2640 South Western Avenue

“The evening rush is over. Dorian drops some scraps into the fryer and turns up the volume on the radio. It’s tuned to the classical station that plays the obvious hits of Mozart and Beethoven, and because this is Los Angeles, John Williams and Hans Zimmer…. Long ago her customers stopped caring, noticing, or remembering that it’s a white woman running the fried fish place at the southern edge of Jefferson Park.”

Part of the magic of Los Angeles is the possibility of discovery, when it comes to food, culture, or community, in surprising places—in a parking lot, behind a riot gate or grate, on the street corner. Local cuisine becomes a point of connection for a diverse neighborhood and a dish such as fried fish can tell a story, conjure a memory, or inspire a character.

———

STARBUCKS

1789 West Jefferson Boulevard

“There’s a Starbucks on Jefferson and Western with outdoor seating overlooking an intersection.

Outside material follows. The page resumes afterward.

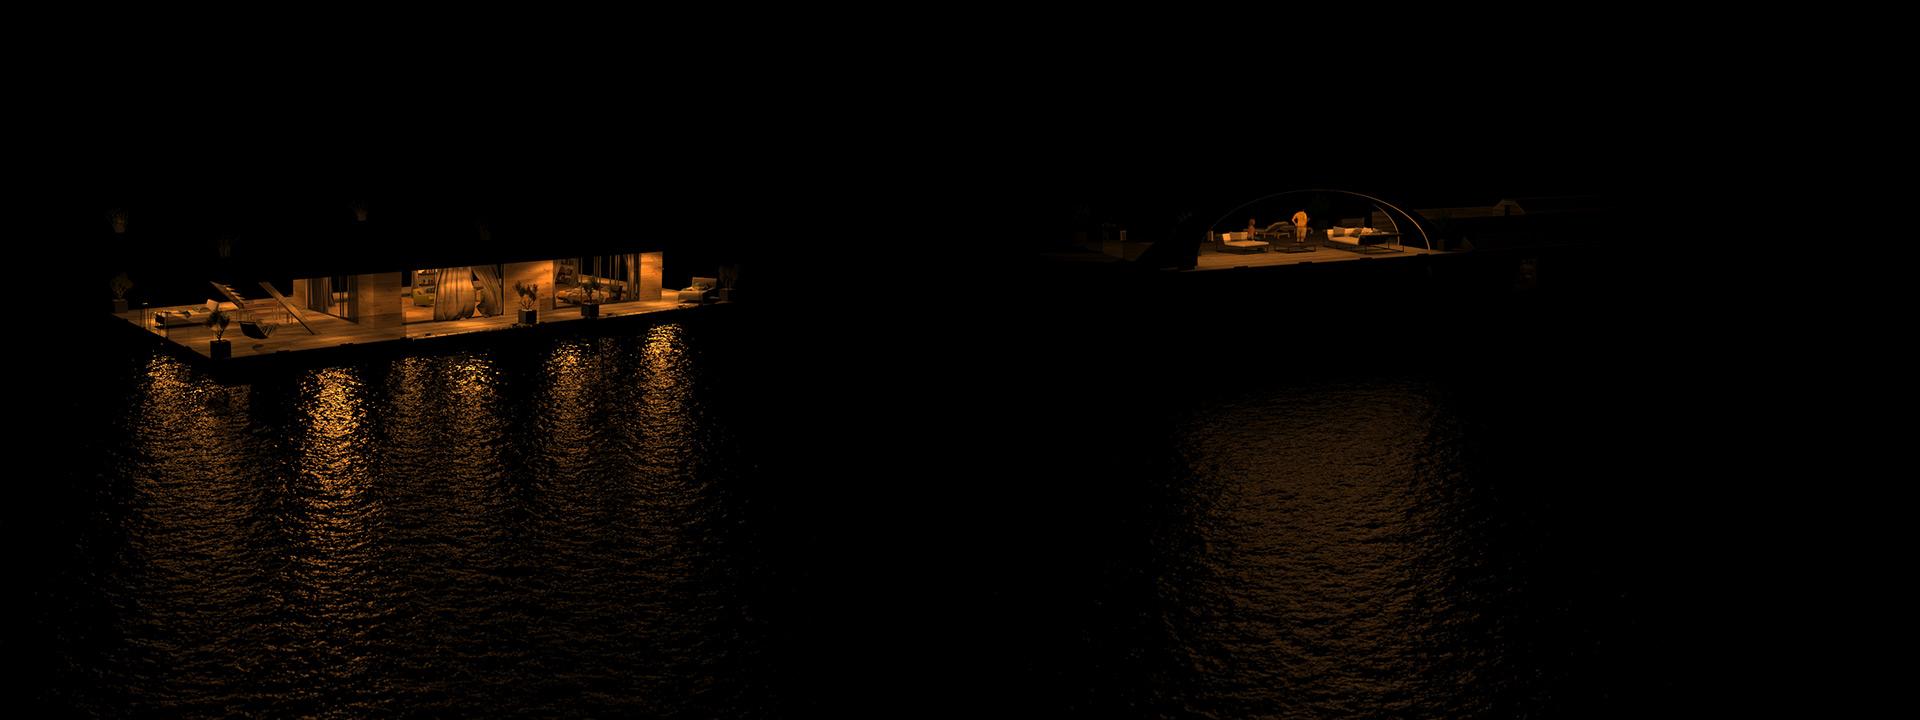 Tuto_cabin_lake_VRayLightSelectIESceiling_bridge.jpg

A good place to take in the streets. 

She locks her bike. Then buys a small coffee black. 

It’s chilly but she sits outside. There’s not enough cold in L.A. so you need to take what you can get to remind yourself that things change and the world keeps spinning. 

She watches three prostitutes pass. Essie doesn’t recognize them. Circuit girls—women who are moved as a unit to different areas of the city even as far as Oceanside or Stockton. Girls who don’t get on Southwest’s radar. At least they look of age for what that’s worth.”

A busy cross-section in the heart of Jefferson Park and another point of mental demarcation—a place where the recent tidal wave of gentrification crashed and receded back north. Looking south, you stare down into the core of South L.A., an enormous part of the city that the majority of people to the north have turned away from or overlooked, only comfortable confronting it through the lens of a certain type of movie or TV show. Safety and a certain type of familiarity is to the north, but to focus in that direction is to disregard an enormous swath of knitted-together vibrant communities and untold stories.